Feature Article Better A Promise Than Nothing! Why We Must Pay Attention To The Presidents Promise
APR 28, 2020 LISTEN

In 2007, when I became settled in my mind about marriage, I only wanted a certain lady to promise me that she would marry me. At that point, I knew that the proverbial “light at the end of the tunnel,” was simply a mirage. But I just wanted a promise. I needed the promise to keep me going and to remain anchored to achieving my academic ambitions. This was precisely because her promise would keep me from distracting myself with any lady that passed in front of me.
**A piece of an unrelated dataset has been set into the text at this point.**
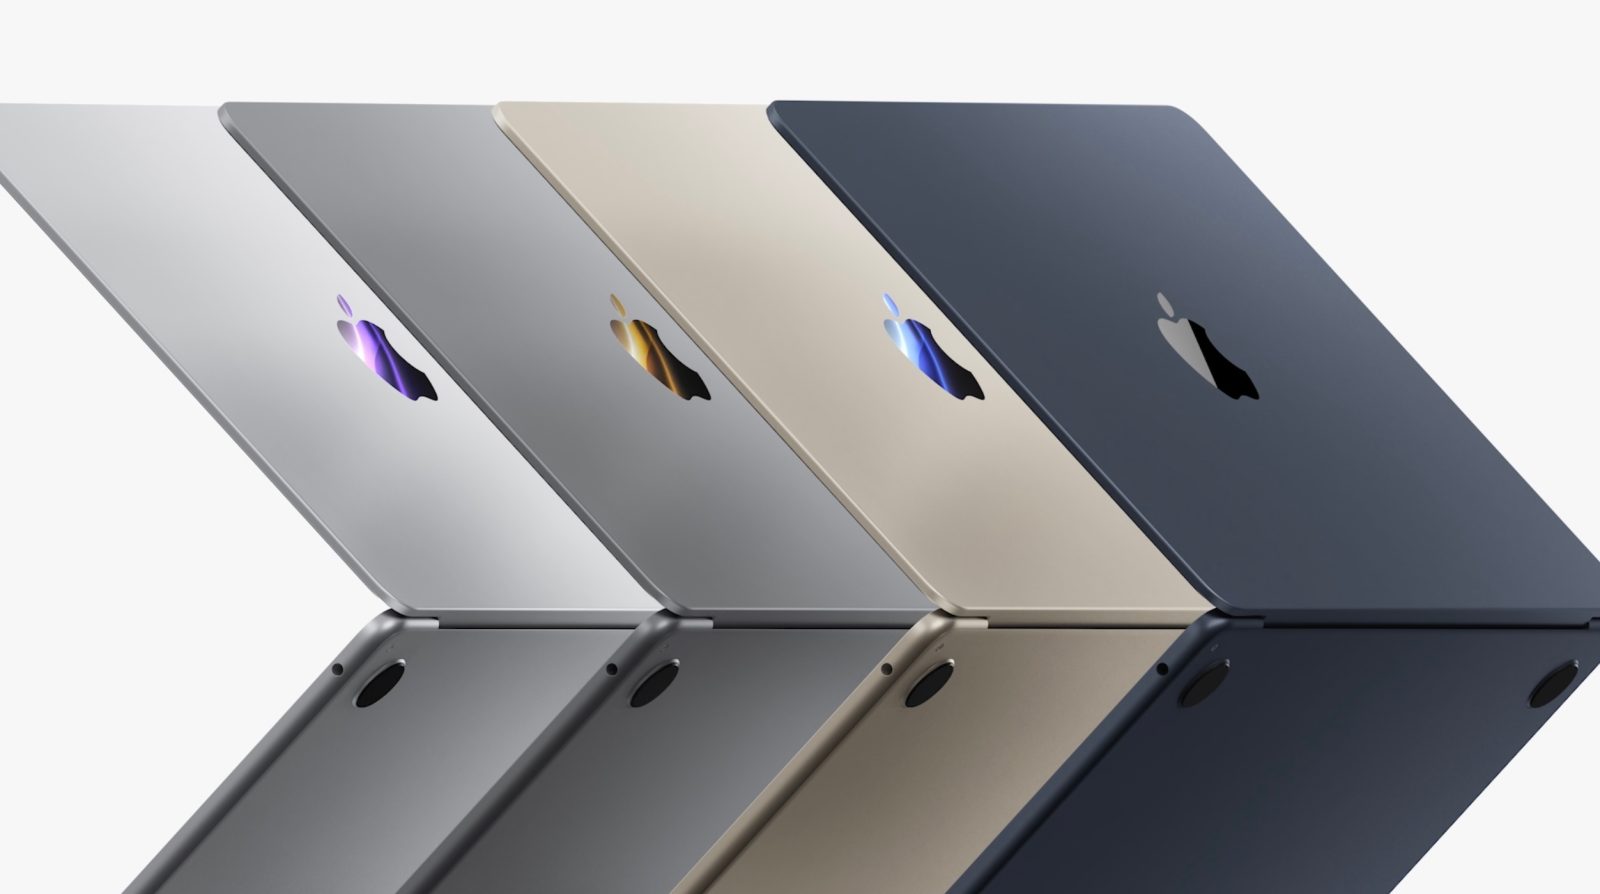 MacBook Air redesign in silver, space gray, starlight, and midnight colors

Given that I am a Zongolese, residing in Maamobi (the residential area of Nima), I knew and understood the burden of being labelled a “camboo boy” (“camboo” for camping boot). A “camboo boy” was a derogatory term coined to designate students, especially those of us who appeared to have no end to our schooling. Most of the ladies in the community in the beginning of the twenty-first century were not interested in “camboo boys”. They wanted young men who had dared the desert to cross the dreaded Mediterranean Sea to catch a glimpse of their fortunes in coveted Western Europe countries.

But since I lacked the courage to travel on an arid land, as a "camboo boy", my hope did not lie in travelling. My hope was in a lady's promise. The marriage journey begins with a promise and ends with a promise! “I promise to take you as my spouse” (promise when contracting marriage) and “we shall meet again” (promise when death separates marriage). Another way of saying this is: Marriage begins with “till death do us part” (establishing the marriage covenant) and ends with “till we meet again” (when death ends the marriage covenant). These expressions are promises, based on God's promise!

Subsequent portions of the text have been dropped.